How can we integarte the random forest model to shiny

I am trying to develop an application in such a way that the end user uploads the test data and he can model it with a click of a action button.

Behind the action button, I would like to have my steps on preprocessing the data, like imputing the missing values, changing the data type, and predicting the test result.

I have already created an UI and server based code , for uploading the file from external environment.

I am struck how I could integrate it to my R model with these procedures.

Below is my R code and Server code I have tried so far.

Server code:

shinyServer(function(input,output){


  # file$datapath -> gives the path of the file
  data <- reactive({
    file1 <- input$file
    if(is.null(file1)){return()} 
    read.table(file=file1$datapath, sep=input$sep, header = input$header, stringsAsFactors = input$stringAsFactors)

  })

  output$filedf <- renderTable({
    if(is.null(data())){return ()}
    input$file
  })

  output$sum <- renderTable({
    if(is.null(data())){return ()}
    summary(data())

     })

  output$table <- renderTable({
    if(is.null(data())){return ()}
    data()
  })

  output$tb <- renderUI({
    if(is.null(data()))
      h5("Powered by", tags$img(src='RStudio-Ball.png', heigth=200, width=200))
    else
      tabsetPanel(tabPanel("About file", tableOutput("filedf")),tabPanel("Data", tableOutput("table")),tabPanel("Summary", tableOutput("sum")))
  })
})

and my R codes that i have done so far for imputation and random forest.

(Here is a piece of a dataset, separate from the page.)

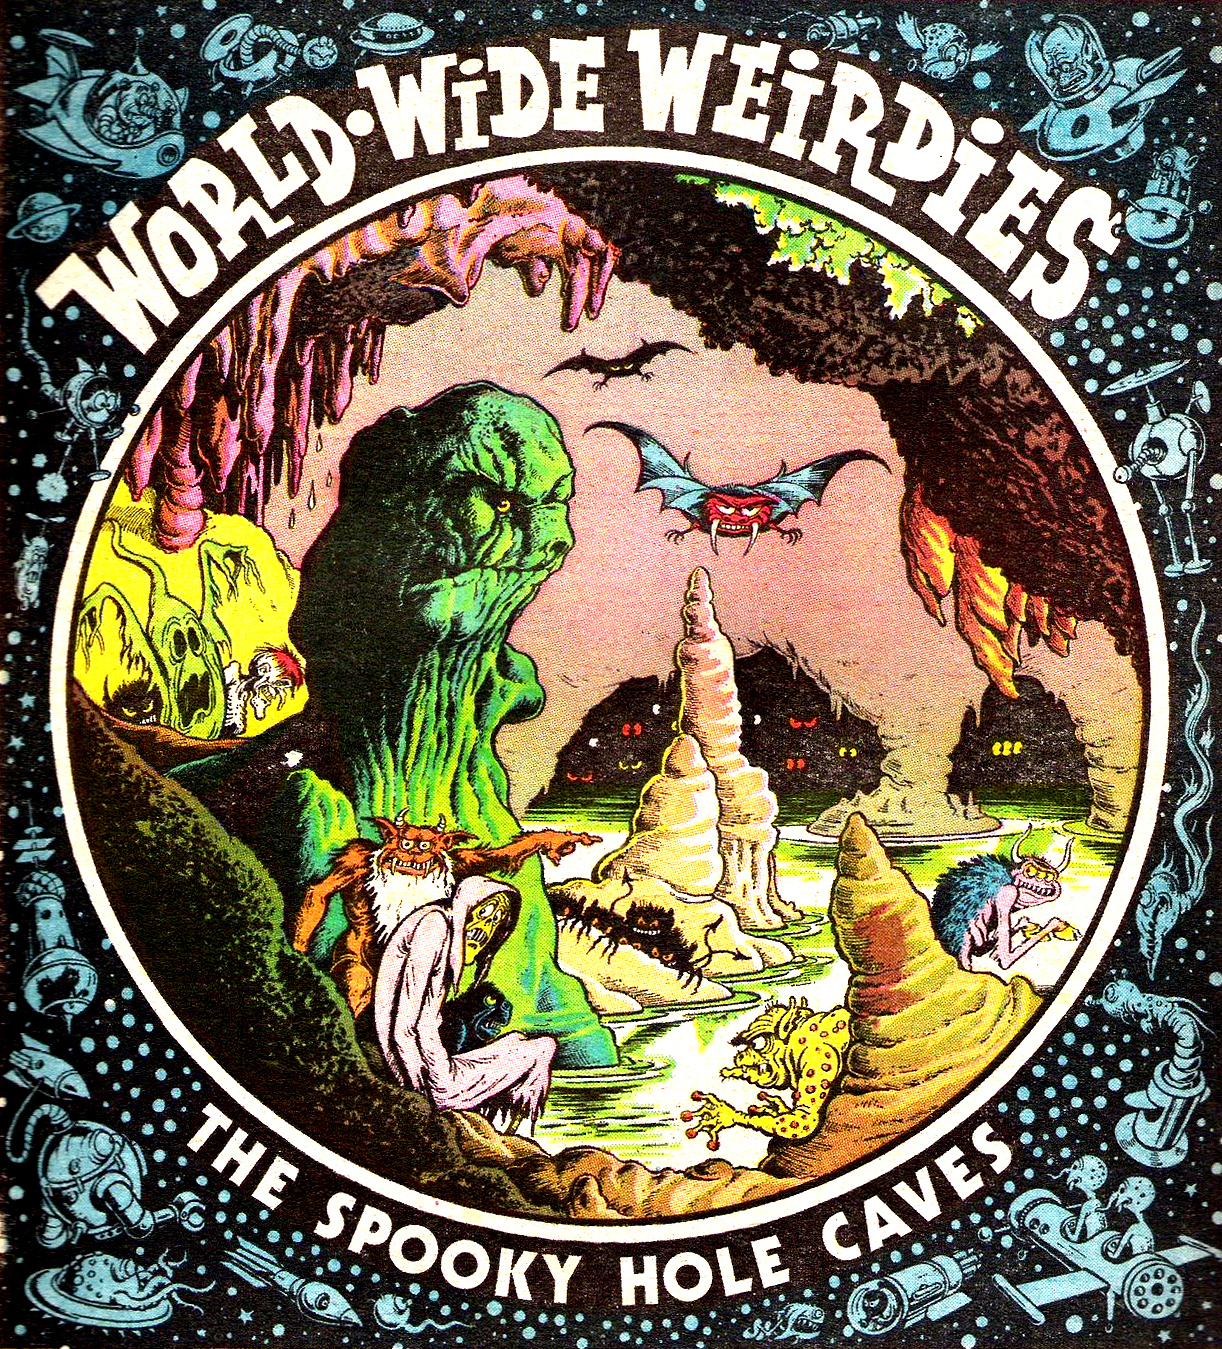 Ken Reid - World Wide Weirdies 54

claim[,c(2:12,16:22,25,30,31,33,32,34)] <- lapply(claim[,c(2:12,16:22,25,30,31,33,32,34)], as.numeric)
claim[,c(1, 13:15)] <- lapply(claim[,c(1, 13:15)], as.Date, format = "%d.%m.%Y")
Missing value imputation

mice_impute = mice(New,m=5, method='rf')
Imputed_data <- mice::complete(mice_impute, 3)

Random Forest Model.

Imputed_data$claim.Qty.Accepted <- factor(Imputed_data$claim.Qty.Accepted, exclude = "")
summary(Imputed_data$claim.Qty.Accepted)
train <- Imputed_data[1:3325,]
validate <- Imputed_data[3326:3801,]
test <- Imputed_data[3801:4750,]
names(original)
fit <- randomForest(claim.Qty.Accepted~., data=train, na.action=na.exclude)
print(fit)


p1 <- predict(fit, train)
caret::confusionMatrix(p1, train$claim.Qty.Accepted)

p2 <- predict(fit, validate)
caret::confusionMatrix(p2, validate$claim.Qty.Accepted)

p3 <- predict(fit, test)
caret::confusionMatrix(p3, test$claim.Qty.Accepted)

Step by step procedure that could guide me will also be helpful.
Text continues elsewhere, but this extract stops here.